→ Exercise data
******************************

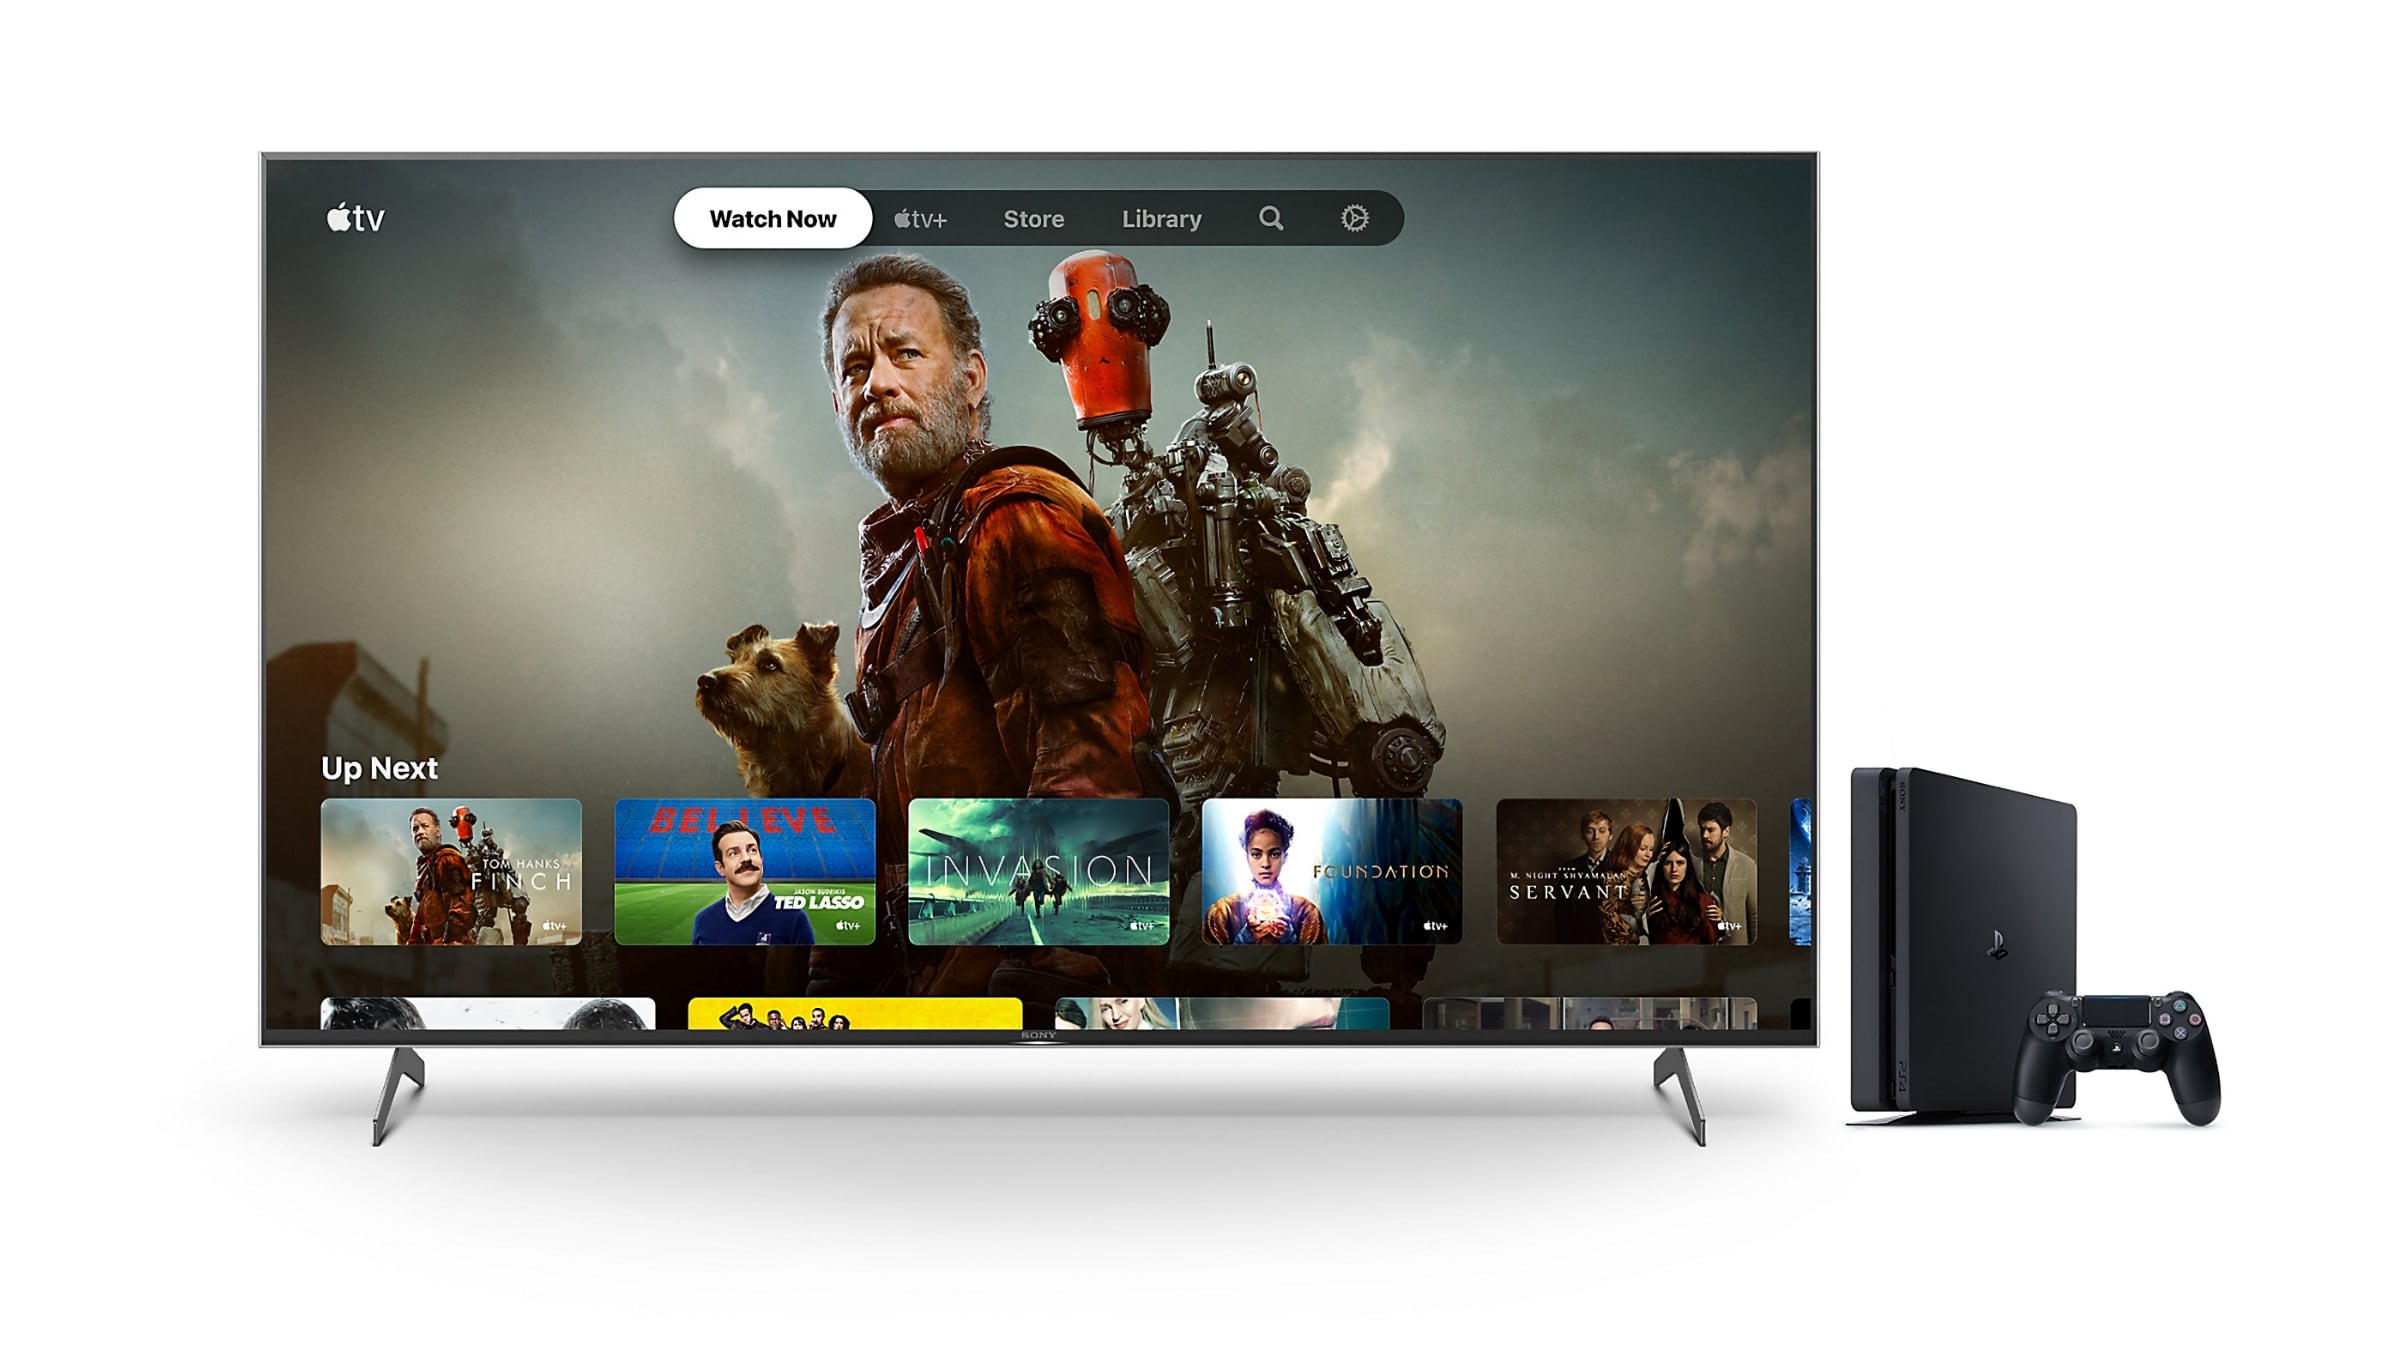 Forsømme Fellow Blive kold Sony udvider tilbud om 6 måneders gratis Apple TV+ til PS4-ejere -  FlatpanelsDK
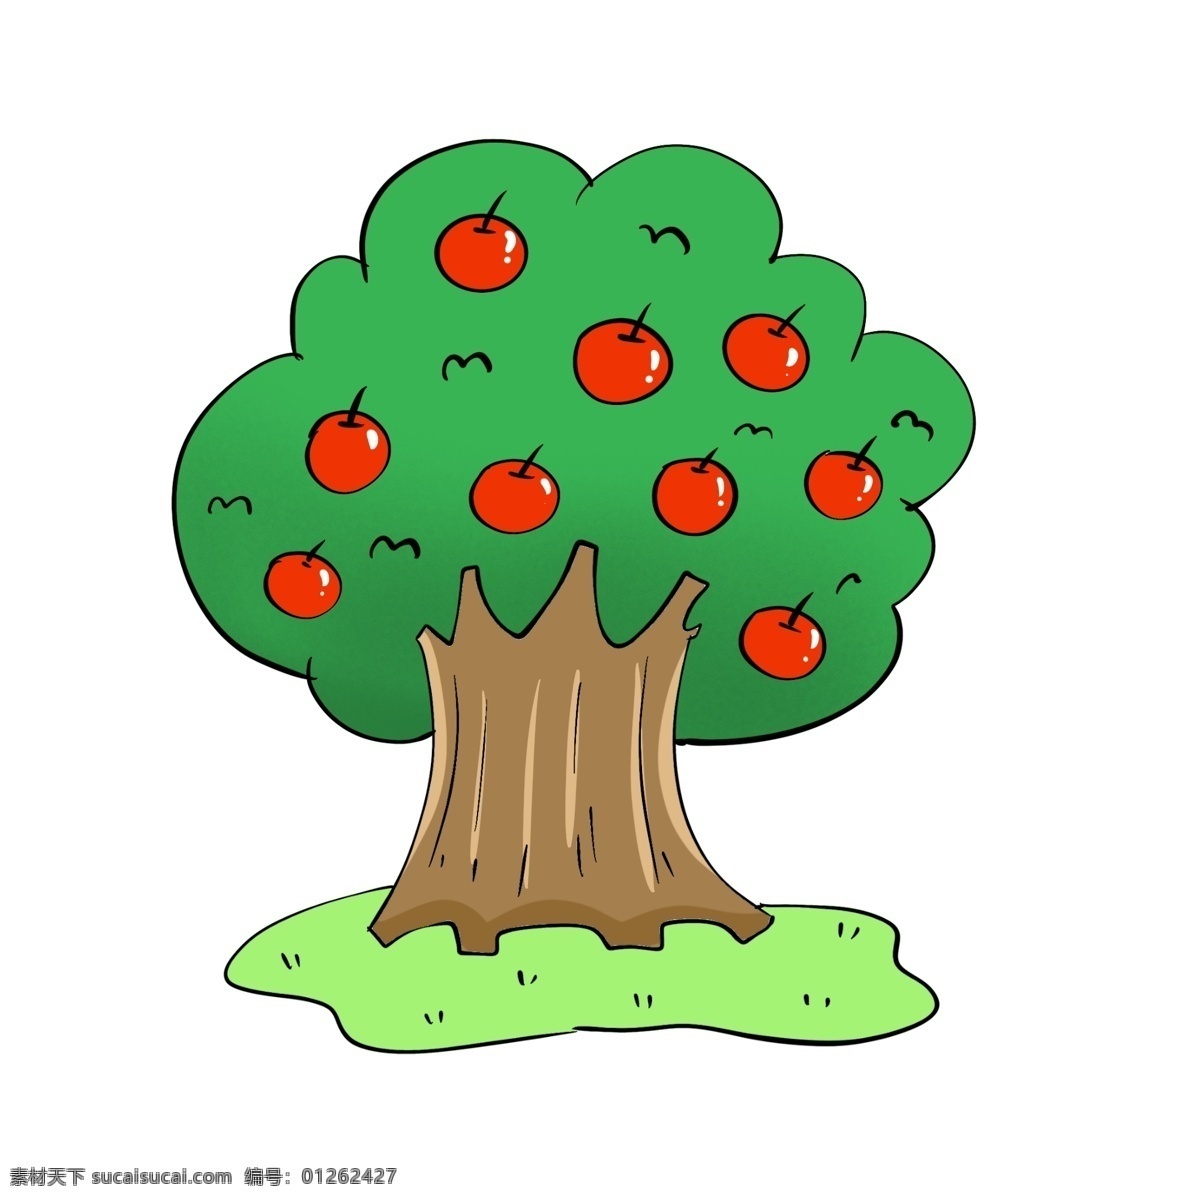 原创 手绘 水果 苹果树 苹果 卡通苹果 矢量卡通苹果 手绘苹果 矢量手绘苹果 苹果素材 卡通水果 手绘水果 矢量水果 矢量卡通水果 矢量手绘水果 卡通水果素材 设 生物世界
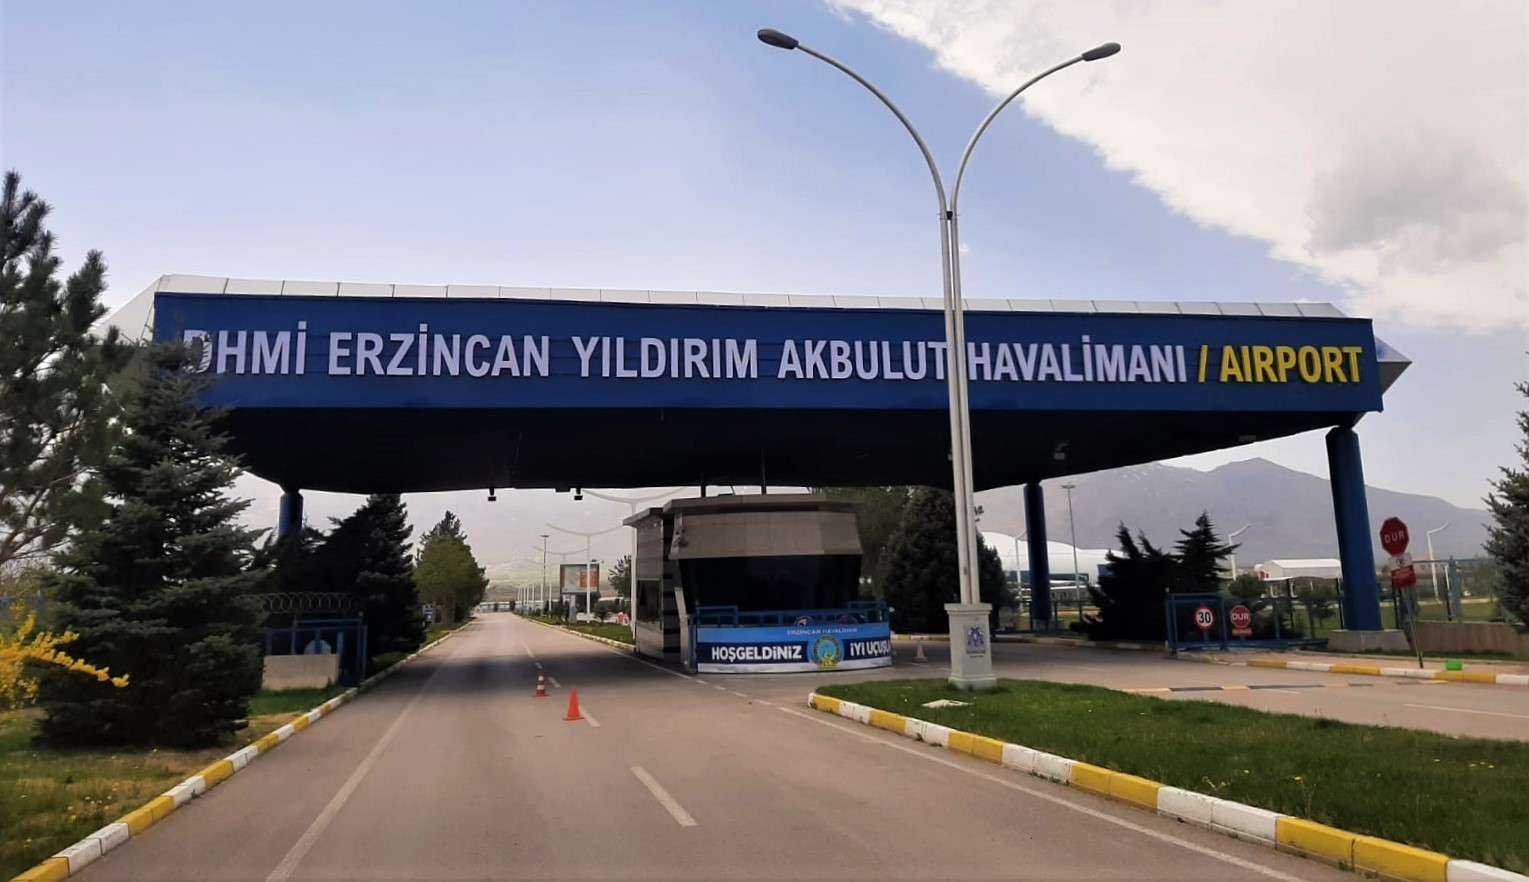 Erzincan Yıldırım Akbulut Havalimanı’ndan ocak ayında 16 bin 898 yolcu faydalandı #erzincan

******************************

Starting with the line that holds "原创 手绘 水果 苹果树", print each line through the last one of the data exactly as written, but do not include the pictures.

→ The answer
 原创 手绘 水果 苹果树 苹果 卡通苹果 矢量卡通苹果 手绘苹果 矢量手绘苹果 苹果素材 卡通水果 手绘水果 矢量水果 矢量卡通水果 矢量手绘水果 卡通水果素材 设 生物世界
 Erzincan Yıldırım Akbulut Havalimanı’ndan ocak ayında 16 bin 898 yolcu faydalandı #erzincan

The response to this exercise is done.